“Little grey cells” was all it took, he claimed. The man, the wit and the moustache, together known as Hercule Poirot, is Agatha Christie’s incomparable detective. His grey cells snatched up the most puzzling mysteries and expertly unraveled them at the core.
Much of my childhood was spent wrapped up in those books, from the hook on the first page—the seemingly impossible murder—to the satisfying and fantastical reveal, and usually neat and tidy end.
Did I learn how to use my little grey cells? A little (I hope).
But what I did learn was how good the detective was at following the evidence, even if it went directly against the most obvious solution. Something that’s easier in fiction than real life.
Us real life humans can be very stubborn; we can love the idea of learning something new but still dig in our heels when it requires us to see or do things differently. New information, same old reaction.
The most intellectual ones among us are just as guilty.
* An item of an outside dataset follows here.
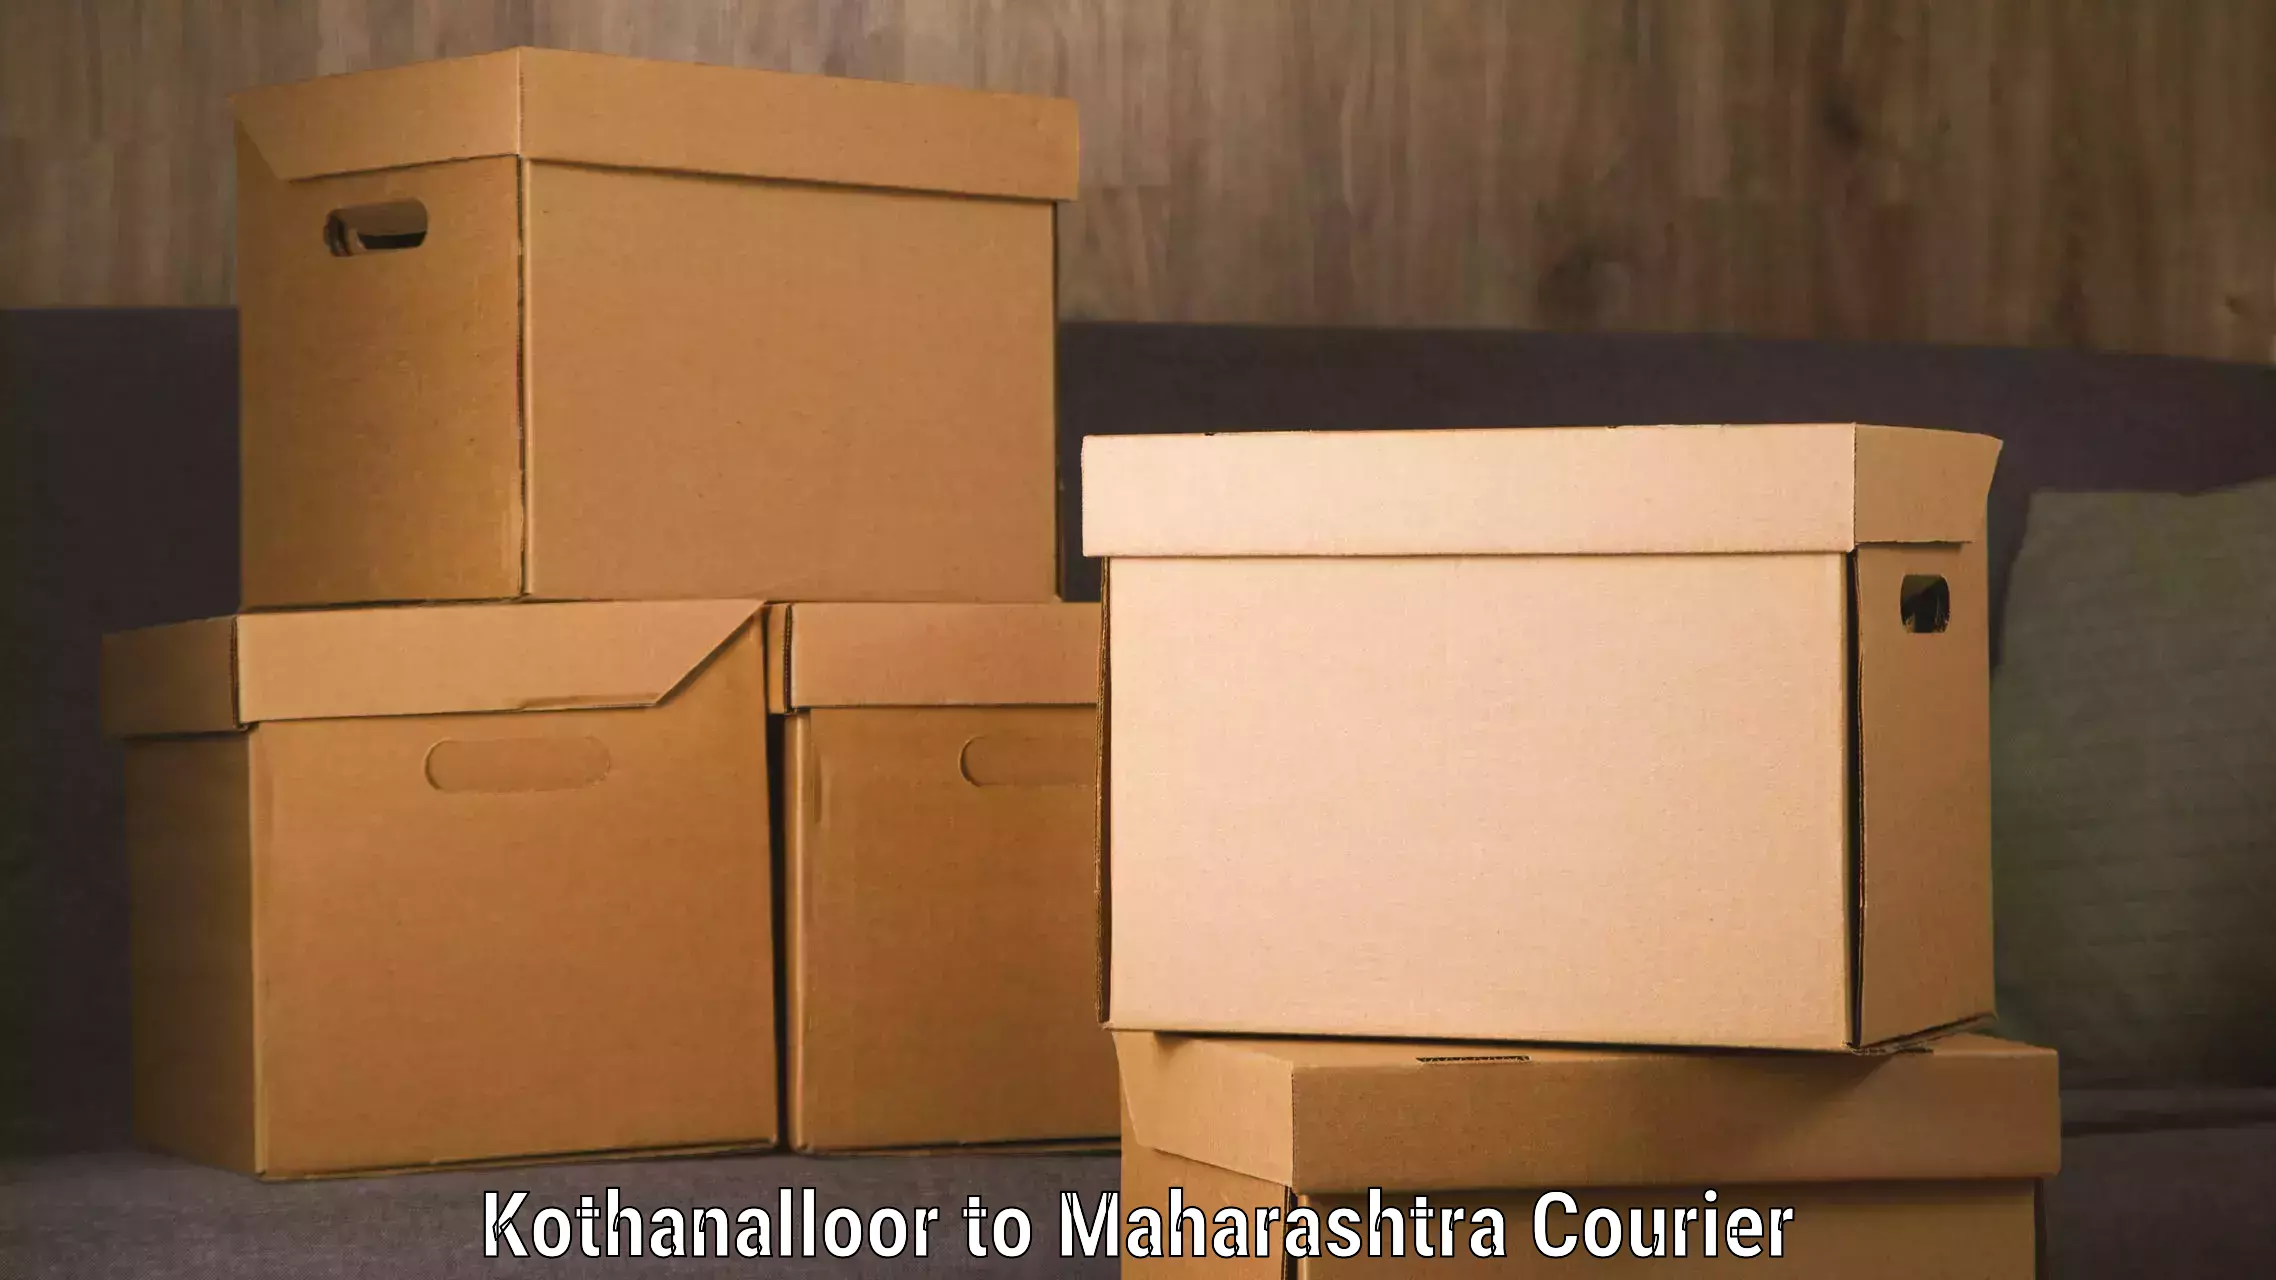 Courier service partnerships in Kothanalloor to Sillod

Years of experience and specialized knowledge—a goal so many of us aspire to, that awed status of “expert”—serve us and move us forward, until we fail, or worse, fail to see.
If a point of failure flies in the face of what you’ve always known or done; if changed circumstances threaten the very foundation you’ve always stood on; if new facts stare you in the face and question (gasp) what you’ve never dared question, what then?
How do you react? What do you do?
WWHPD? (What Would Hercule Poirot Do?)
He would challenge his own beliefs and assumptions. He would follow the evidence, no matter how counter-intuitive to his experience, and keep an open mind to possibilities. He would be curious in places where others turned a blind eye. Life isn’t a neat and tidy mystery, or even a knowable one, but our problems still need solutions, not stalemates.
Learning sometimes means putting aside experience.
Learning means keeping an open mind.
Good learners are good “belief updaters”, adapting their beliefs—no matter how precious or staunch—when they know better, even if it is difficult to accept.
Although easier in fiction, it is possible in real life. In his book Range David Epstein details how Charles Darwin relentlessly attacked his own ideas, dispensing with one model after another, until he arrived at a theory that fit the totality of the evidence.
Ralph Waldo Emerson, philosopher, poet and real-life person, tore down wall after wall in his journals in search for a style and for ideas that would both question his certainty and access his fluidity.
Art as a whole challenges established norms, tests boundaries and holds ideas up for consideration, no matter how sacred. As does science.
And innovation would not exist if we weren’t willing to challenge what we know.
Sticking to existing beliefs in the face of new evidence means we are updating our belief in the wrong direction. We get to keep our pride, but not the solution we need.
We need to embrace the understanding of a loss as much as the reinforcement of a win, because learning and experience are not an either-or proposition. As far as mysteries go, these are the kind of clues that are immensely important, and reveal answers that light the path ahead.